Um projeto de lei protocolado na Câmara Municipal de Uberlândia, em Minas Gerais, promete mudar a vida de muitas pessoas com diabetes na cidade. A proposta quer autorizar o município a distribuir sensores de glicose, pelo Sistema Único de Saúde (SUS), para quem tem indicação médica. No entanto, medida ainda vai passar por discussões até que se chegue em uma possível aprovação.
Quem vai poder receber os sensores de glicose?
O projeto determina que os sensores de glicose sejam distribuídos mediante prescrição médica. Isso quer dizer que só quem tiver indicação clínica e acompanhamento poderá receber o equipamento, o que ajuda a garantir que o dispositivo vá para quem realmente precisa.
A distribuição ficará por conta da Secretaria Municipal de Saúde, que vai organizar a logística, os estoques e os critérios técnicos. Os custos, no entanto, virão do orçamento já previsto para a saúde, com possibilidade de reforço, se necessário.
Tramitação na Câmara começa agora
A proposta ainda precisa passar pelas comissões internas da Câmara Municipal, onde será debatida em detalhes. Depois disso, segue para votação em plenário.
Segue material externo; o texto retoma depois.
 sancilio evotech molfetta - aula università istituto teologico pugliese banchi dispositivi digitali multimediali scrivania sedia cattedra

Se for aprovada, a nova lei entra em vigor 60 dias após a publicação oficial.
Outros municípios mineiros, como Juiz de Fora, na Zona da Mata, já aprovaram leis semelhantes e os resultados são positivos.
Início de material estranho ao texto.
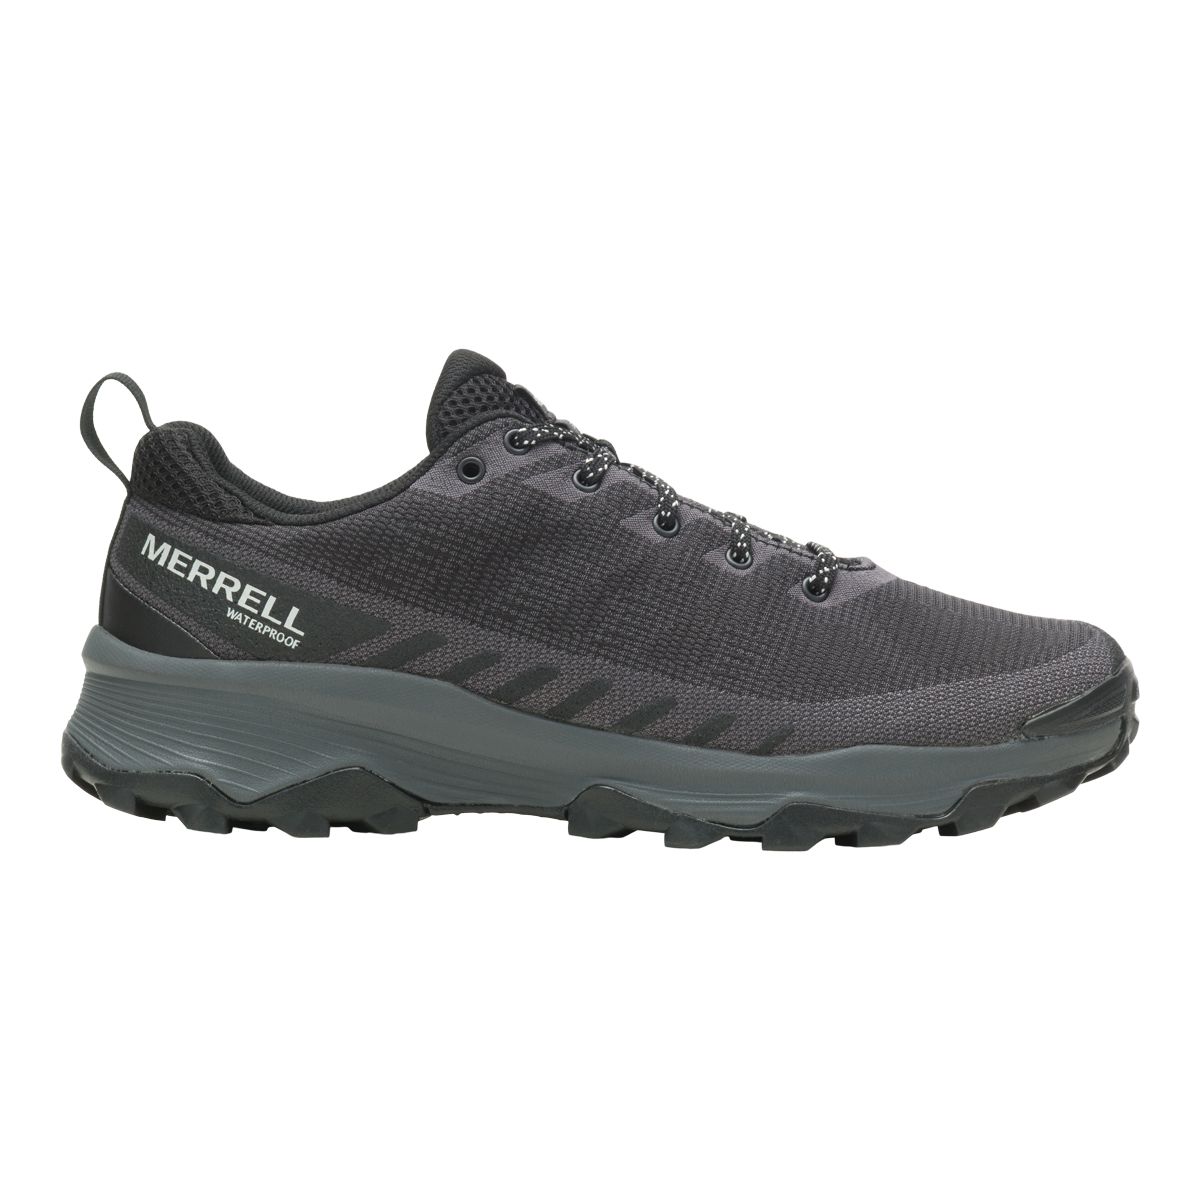 Merrell Men's Speed Eco Waterproof Hiking Shoes

Sensores de glicose: controle na palma da mão
Atualmente, o controle da glicemia ainda depende, na maioria dos casos, do uso de fitas e furinhos diários nos dedos. Com o sensor digital, esse cenário muda completamente. O dispositivo fica colado na pele e monitora, principalmente, os níveis de glicose no sangue. As informações chegam direto no celular da pessoa, que vê a glicemia atual, o histórico das últimas 8 horas e até uma seta que indica se o açúcar está subindo ou caindo.
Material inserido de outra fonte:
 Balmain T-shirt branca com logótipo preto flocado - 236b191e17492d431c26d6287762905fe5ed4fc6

Para quem tem diabetes tipo 1 ou tipo 2 e usa insulina, esse tipo de monitoramento pode evitar episódios perigosos de hipoglicemia ou hiperglicemia. E o mais importante: estudos já comprovaram que o uso do sensor ajuda a reduzir a temida hemoglobina glicada (HbA1c), que é o principal marcador de controle do diabetes.
Impacto direto na vida das famílias
Quem convive com o diabetes sabe que controlar a glicemia diariamente não é tarefa fácil. Exige atenção constante, disciplina e, muitas vezes, um custo que nem todo mundo pode bancar. Atualmente, o SUS ainda não oferece os sensores de forma ampla, mas eles representam uma verdadeira revolução no cuidado com a diabetes.
Além de melhorar os números de saúde, eles também trazem mais tranquilidade para as famílias, especialmente de crianças e idosos com diabetes. Muitos pais, por exemplo, passam a acompanhar os dados da glicose dos filhos pelo celular, mesmo à distância, o que ajuda a evitar sustos.